Introduction

Organizing an academic conference poses numerous logistical and intellectual challenges, especially as conferences grow in size and scope. Core tasks such as matching submissions with qualified reviewers, organizing sessions around coherent themes, and summarizing presentations require significant time and meticulous coordination. As the volume and diversity of submissions increase, these tasks become even more labor-intensive, and the risk of inconsistencies or errors grows. These demands highlight the need for innovative approaches that can streamline conference organization while maintaining high standards of coherence and accessibility.
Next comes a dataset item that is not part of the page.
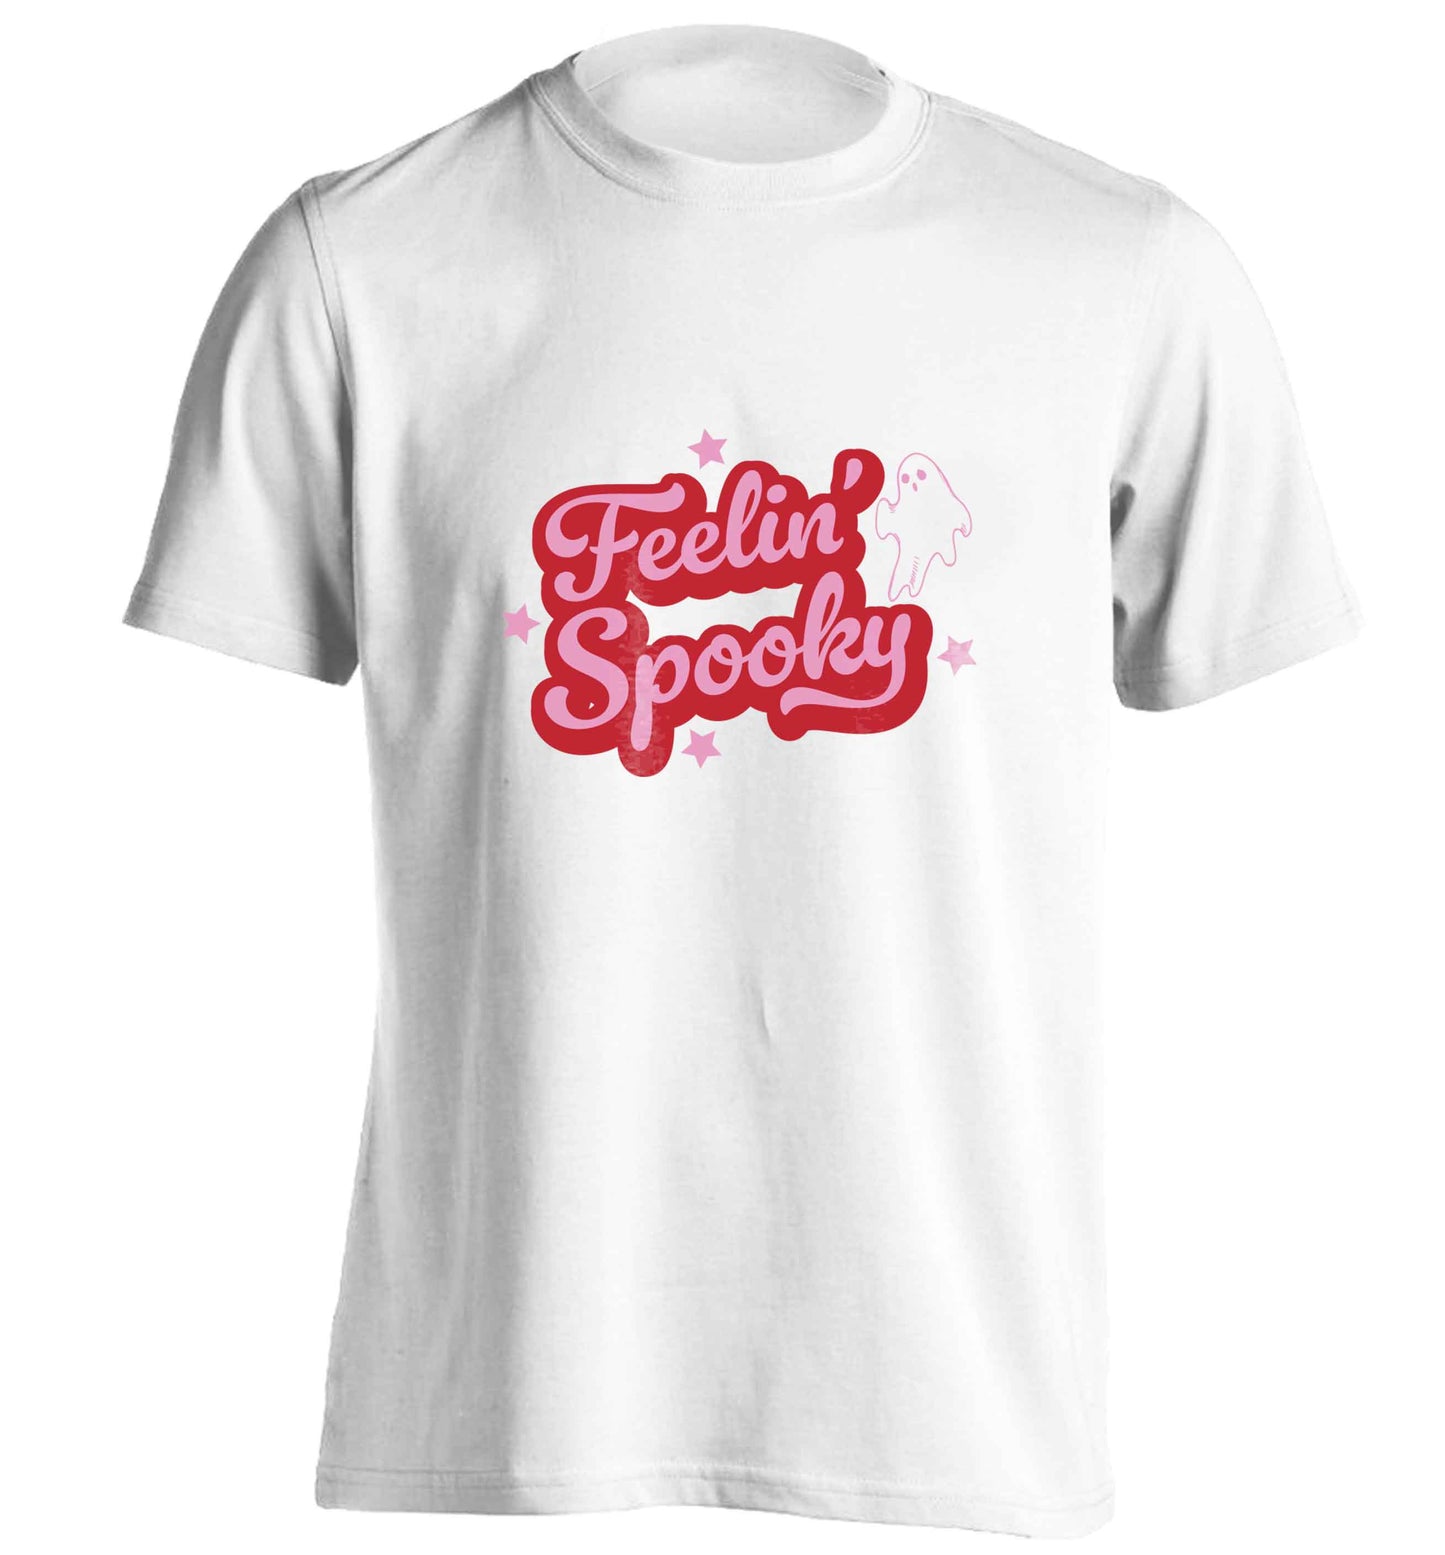 Feelin' Spooky Kit adults unisex white Tshirt 2XL

In response to these challenges, the AMIA 2024 Informatics Summit Scientific Program Committee piloted a new approach using generative artificial intelligence (genAI) and Large Language Models (LLMs), while utilizing only publicly available information about submissions. For this conference, submissions include podium abstracts and papers that are programmed as presentations and abstracts that are programmed as posters. Our initiative explored how prompt-engineered LLMs could assist in various facets of conference organization to enhance both efficiency and participant experience. Specifically, we leveraged LLMs to facilitate algorithmic enhancement of submission-reviewer matching, thematic grouping of presentations, and generating one-sentence summaries for each presentation to aid attendee navigation (Fig. 1).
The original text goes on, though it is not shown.